Stronger and more persistent population differentiation after secondary contact in the presence of inversion was also observed when comparing FST (and Dxy) patterns arising in individual realizations of the models with and without inversions (Figs. S2-S5, S7-S10). However, we found that FST (Dxy) values were relatively low when the migration rate was high (i.e., of the order of the total selection strength) even in the presence of inversion polymorphism (panels d-f in Figs. S2-S5, S7-S10). Note that stochastic fluctuations between individual realizations were high (not shown).

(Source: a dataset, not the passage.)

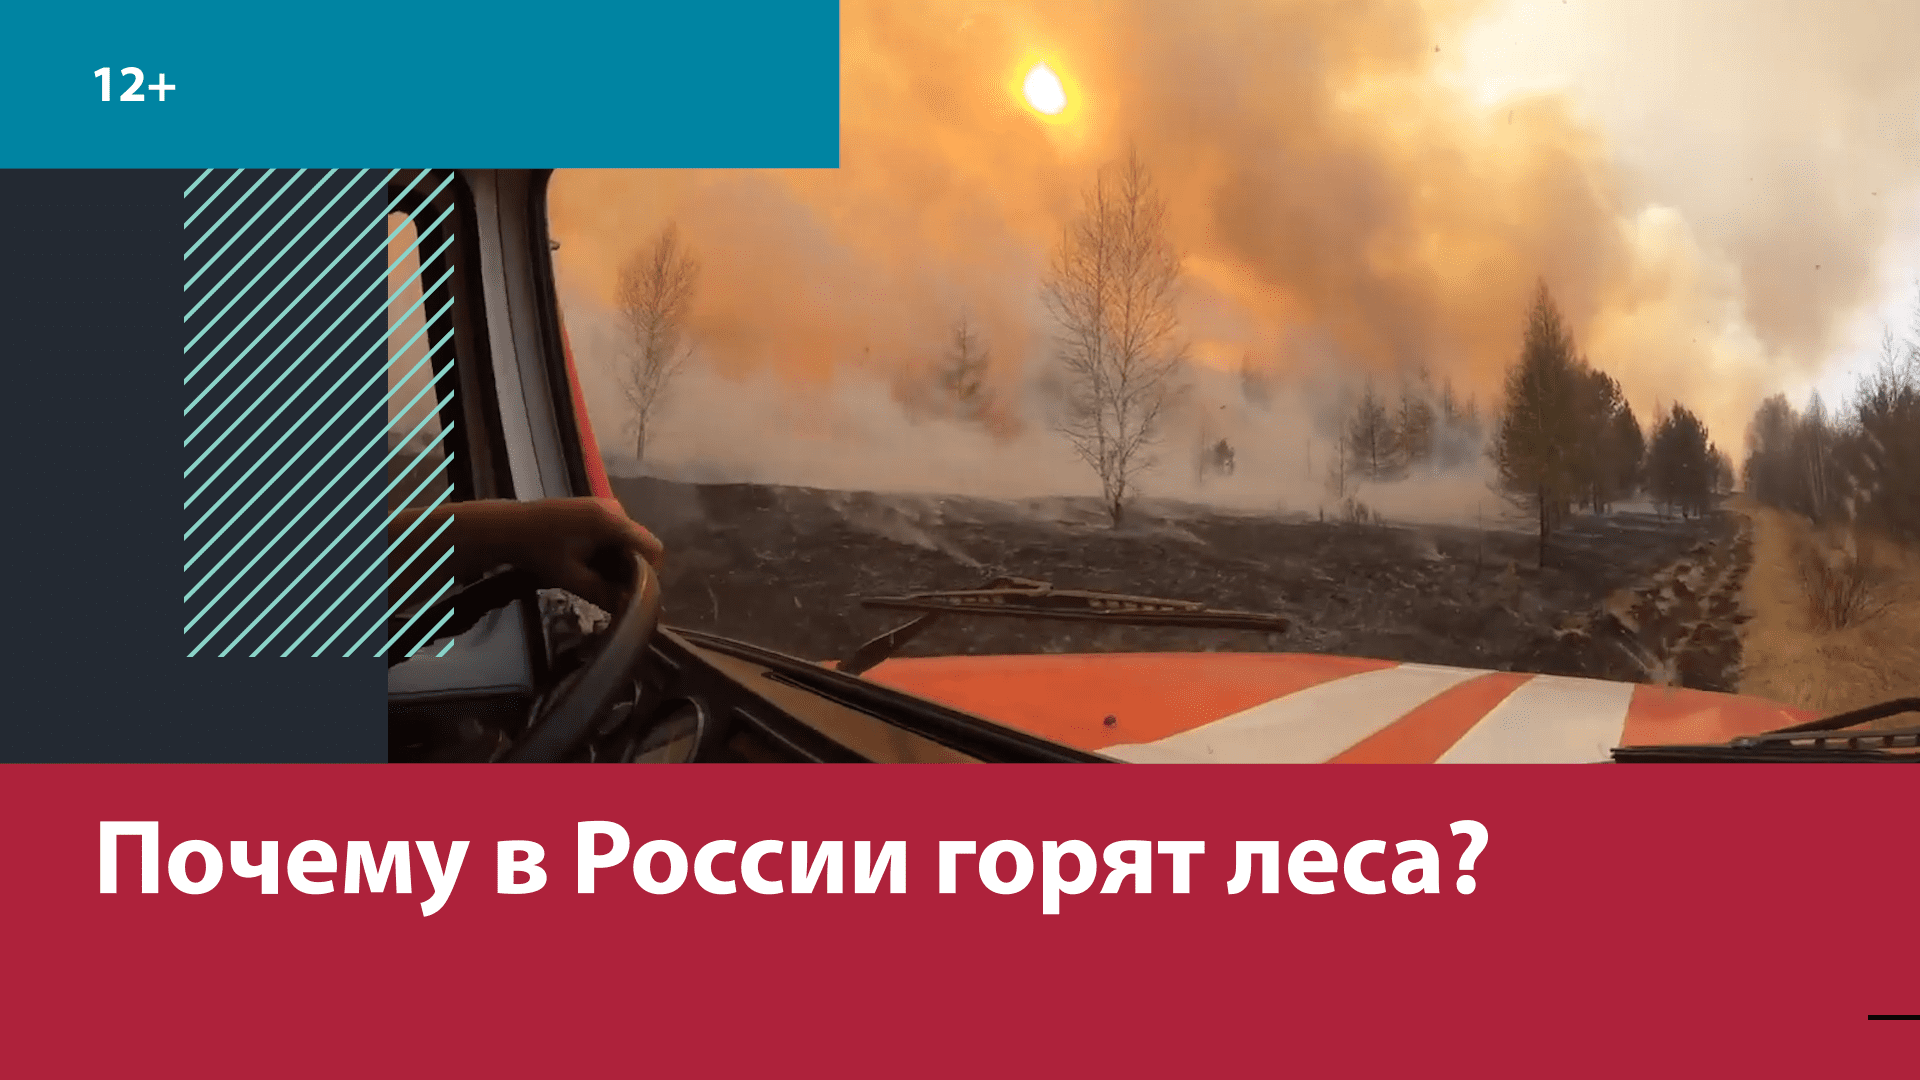 Почему в России каждый год горят леса? — Москва FM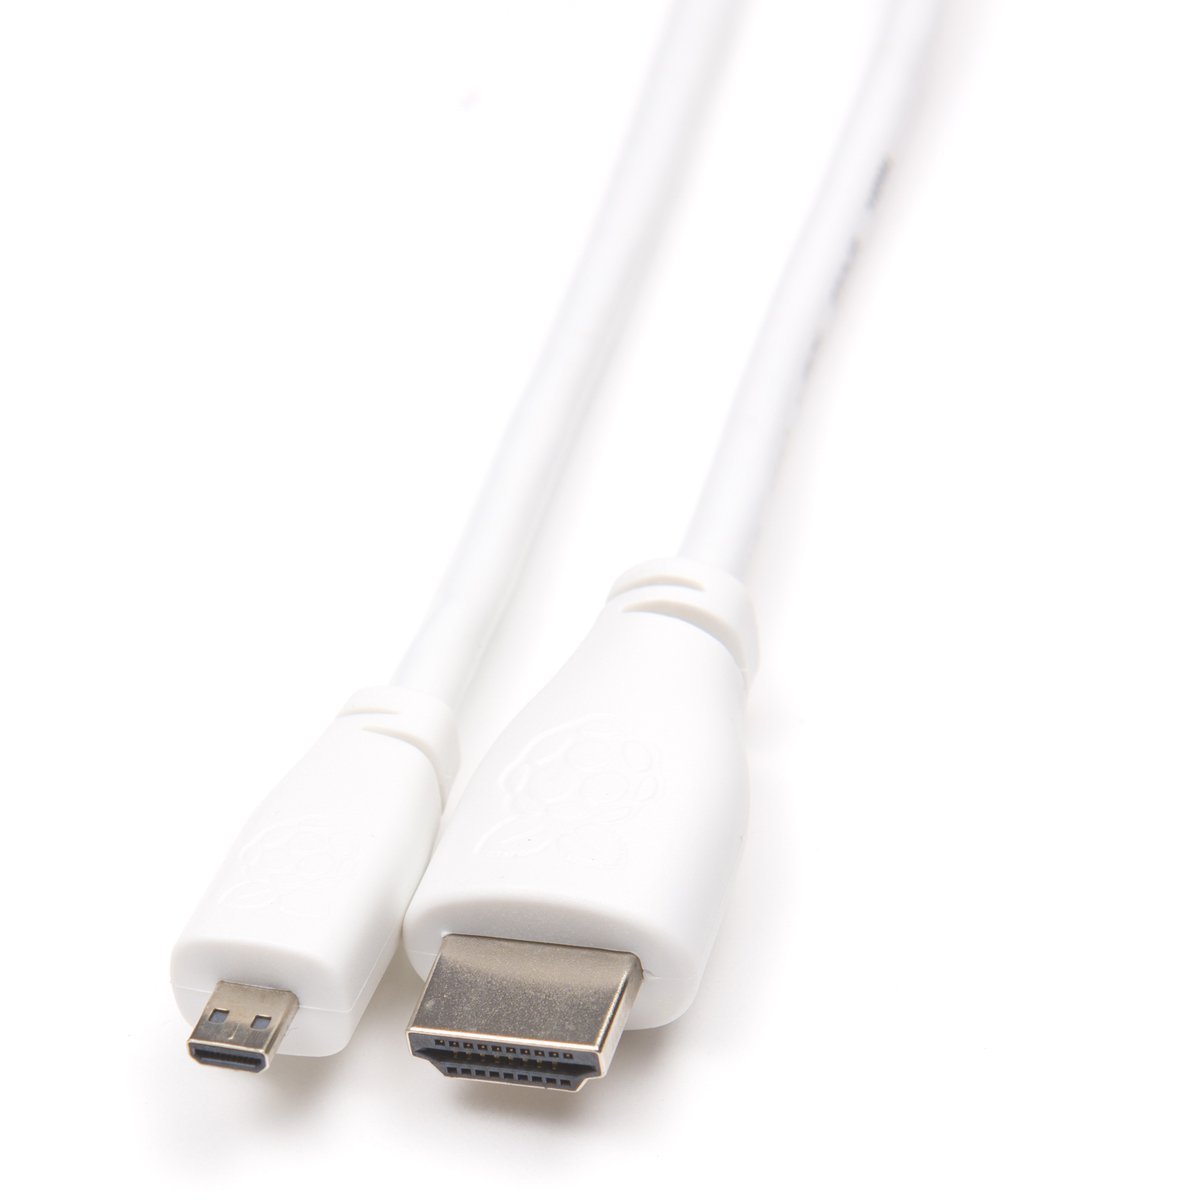 Cable chuyển microHDMI to HDMI Official dành cho Raspberry Pi 4 - Hàng Chính Hãng

In contrast to the model involving neutral and universally beneficial alleles, we found that differences in simulations involving genetic incompatibilities with and without inversions depended more strongly on the parameter values. When migration was weak in comparison to selection and negative epistasis was weak, inversions maintained population differentiation after secondary contact for longer than collinear regions, despite gene flux, and this difference was greater when the number of loci was larger (Figs. 3a, 4a, 5a, 6a). In the conserved-size version of the model, this effect was stronger in the half-half array than in the consecutive-array version of the model (compare Fig. 3a to Fig. 4a). In contrast, in the increasing-size version of the model, this effect was similar for the half-half array and the consecutive array versions of the model (compare Fig. 5a to Fig. 6a). Notably, the difference in persistence time of population differentiation in the presence versus in the absence of inversion polymorphism was higher in the increasing-size than in the conserved-size version of the model. This was because in the increasing-size model, the total recombination rate along the collinear region (model without any inversion polymorphism) increased with increasing numbers of loci within the region, and this significantly reduced the persistence time of population differentiation after secondary contact in the absence of inversions (down to 100 generations on average; Figs. 5a, 6a; blue circles). Note that in the increasing-size model, the total rate of gene flux also increased (linearly) with the number of loci. However, in this case, gene flux occurs only in heterokaryotypes and the frequency of heterokaryotypes after secondary contact was typically low for the parameters considered (Figs. S11a, S14a, S17a, S20a). Thus, for populations of modest to small sizes, this meant that the effective gene flux rate was still relatively rare despite being higher than in the conserved-size model.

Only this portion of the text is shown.